From that time on, I began questioning myself about my vocation; wondering what state of life, God was calling me to live. At the same time, my relationship with Jesus was growing. I realized the importance of the sacraments, especially the Eucharist and Penance. From that, I began to feel an appreciation for a vocation to religious life. At the same time, I denied that possibility as I thought that it was only an idea without any basis. I felt unfit for such a calling. When my friends at the parish saw my enthusiasm and involvement in the church, they began to tell me “you should consider the vocation to the priesthood.” They said they saw in me the potential to be a good religious. However, I just laughed and told them that this type of vocation was not for me; all I wanted was to serve God and be a good Christian.
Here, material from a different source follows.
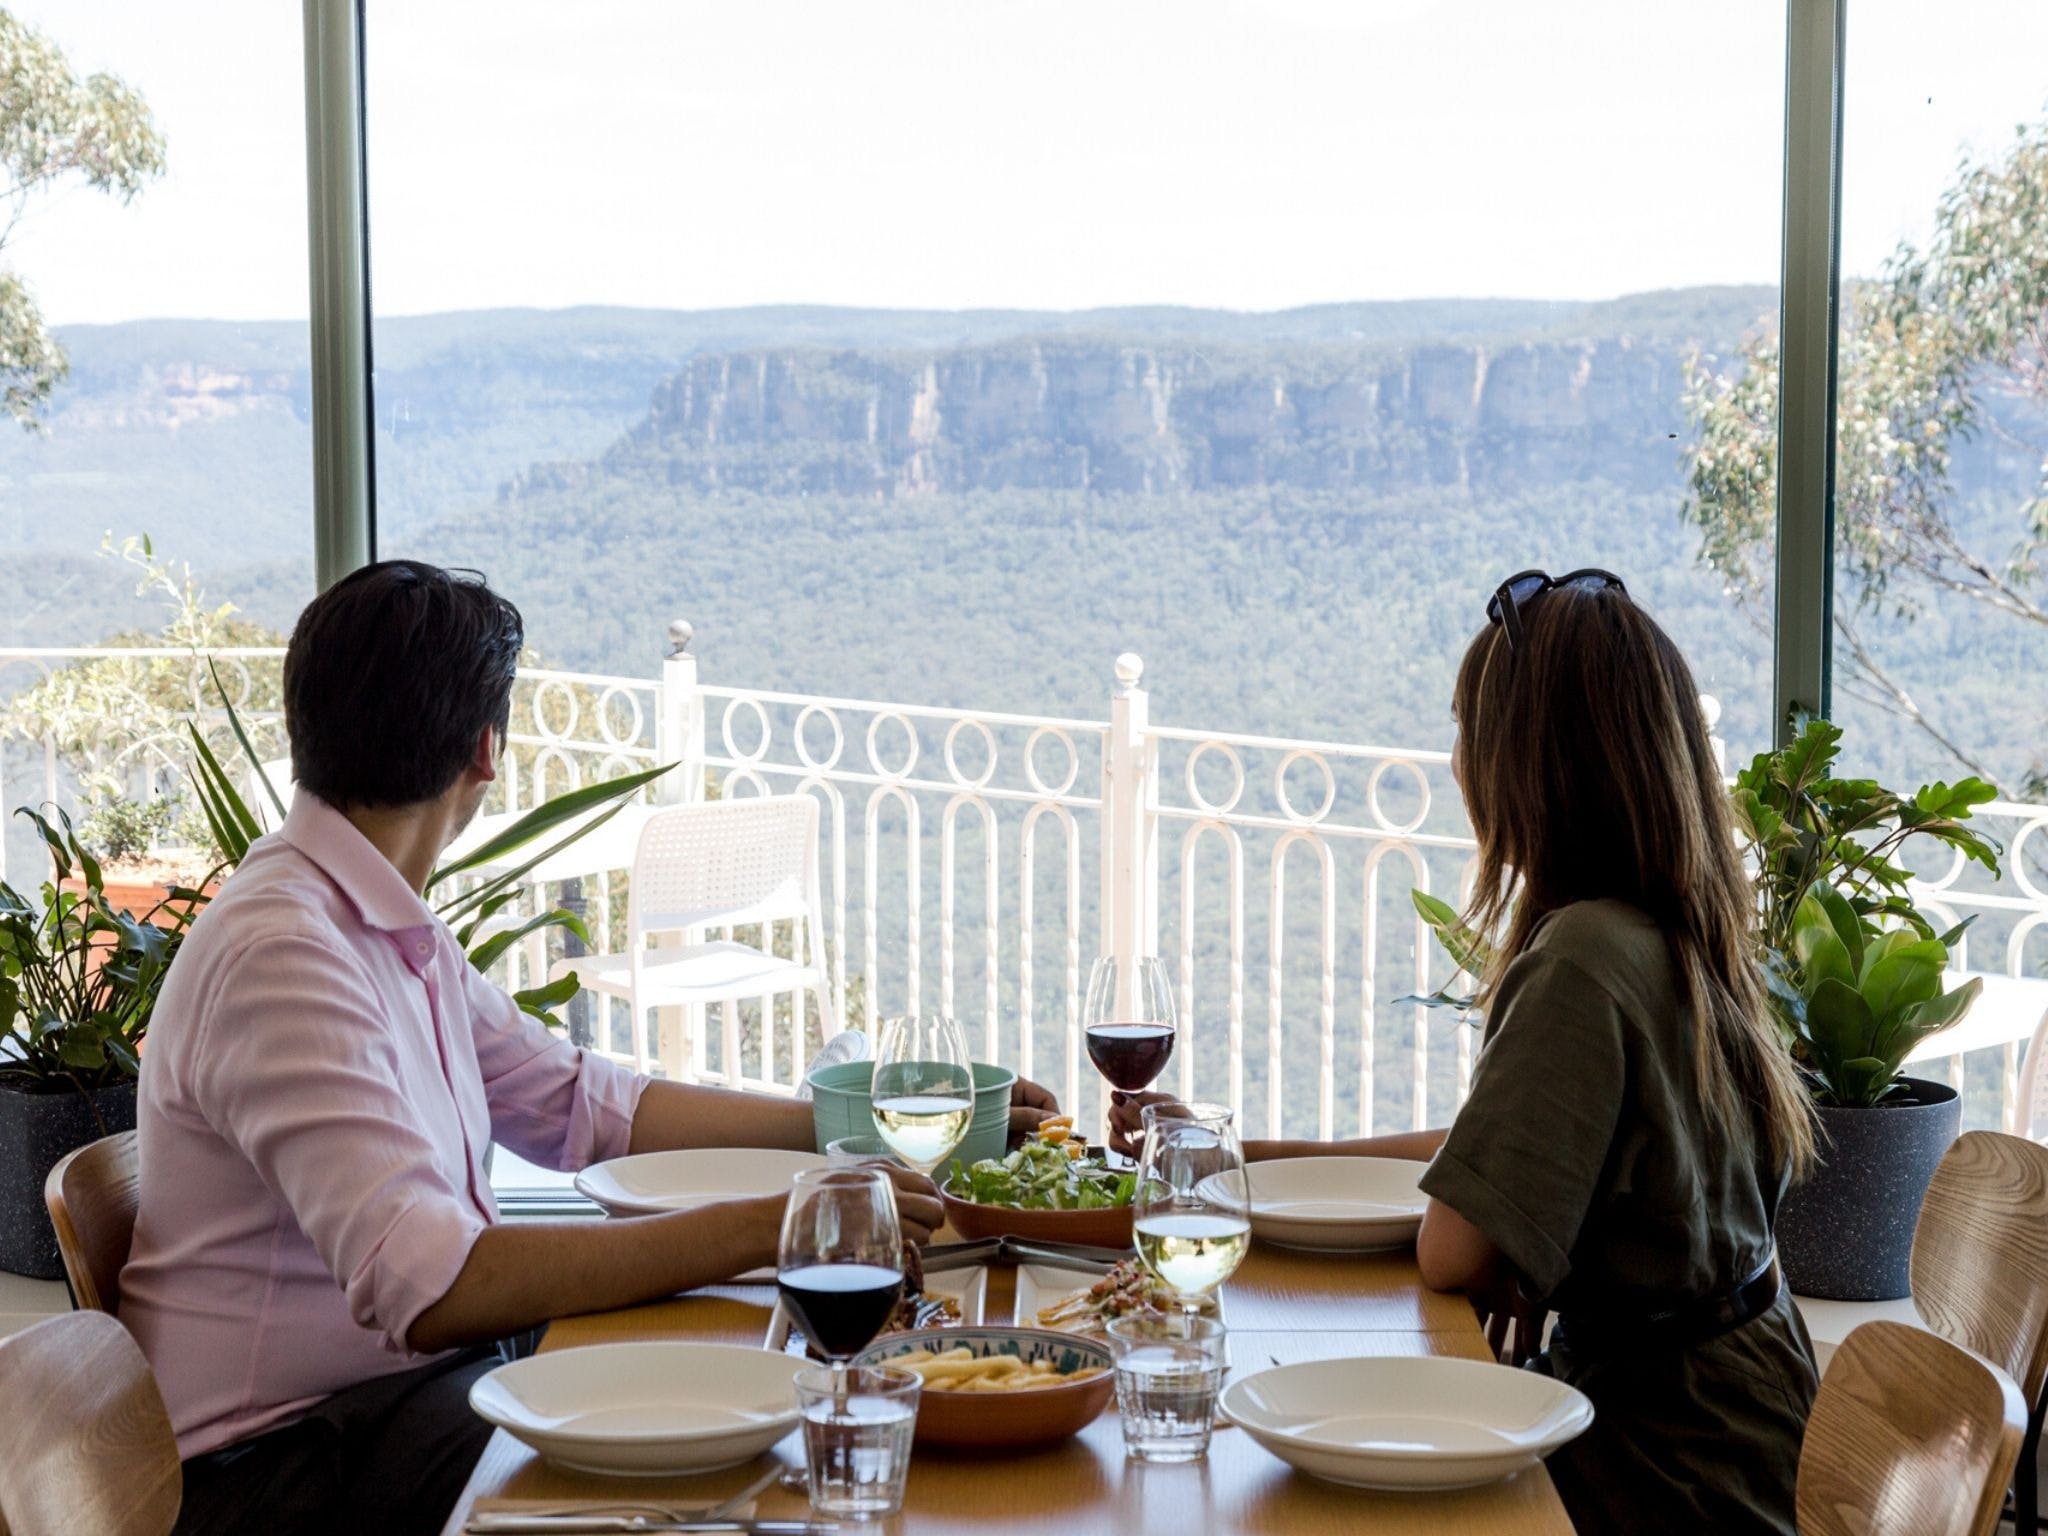 Christmas Day Lunch at The Lookout Echo Point - Grafton Accommodation

What held me back was that I felt unqualified and unworthy for such calling; however, the curiosity to know more about priesthood did not go away. Yet, I chose to say and do nothing. Time passed and I started dating a girl. Everything was going well but a curiosity for the priesthood was still there. I felt divided and only then did I decide to speak about my situation with a priest.
The priest explained to me the different types of religious orders and asked me if I had an interest in any particular one. I told him that I did not know. As far as I could recall in those prior years of my life, I had never thought of or even considered the idea of becoming a priest. Because of that, I was skeptical about my thoughts.
In 2013, a young man whom I used to see at the parish youth group, entered the Vincentian Formation House near St. John’s University to discern his vocation. A month after he entered, he visited the youth group at St. Mary’s and invited me to attend a vocation discernment meeting at the Vincentian House. Because of his invitation and because of my curiosity I went to the meeting.
To bring you up to date, in 2014 I entered the Vincentian formation program to discern my vocation with the Vincentians. Despite my up and downs, I can honestly say the last five years with the Vincentian Community have been the best years of my life. For that, I am so thankful to God and my brother seminarians and Vincentian formators who have supported me all these years.
Today I continue in my discernment to see even more clearly if God is calling me to this way of life. In May, I will graduate from St. John’s with a B.A. in philosophy. My next step is to enter a program of spiritual formation, called the Internal Seminary (also ‘novitiate’. It focuses on the Vincentian vocation of following Christ bringing God’s love to the poor. If this way of life and calling continues to ring true to me, I will move on to a four-year program to study theology and continue my formation for Vincentian priesthood, with a goal of ordination in the spring, 2024.
In conclusion, I want to invite you, if you have curiosity, questions, or desires to know more about the vocation to religious life, to put those thoughts in God’s hands and give yourself a chance to discern what the plan of God for you is. And do not forget, if you start following Jesus; get ready to walk on paths along which you never thought you would walk.
Thank you and please keep my brother Vincentian seminarians and me in your prayers.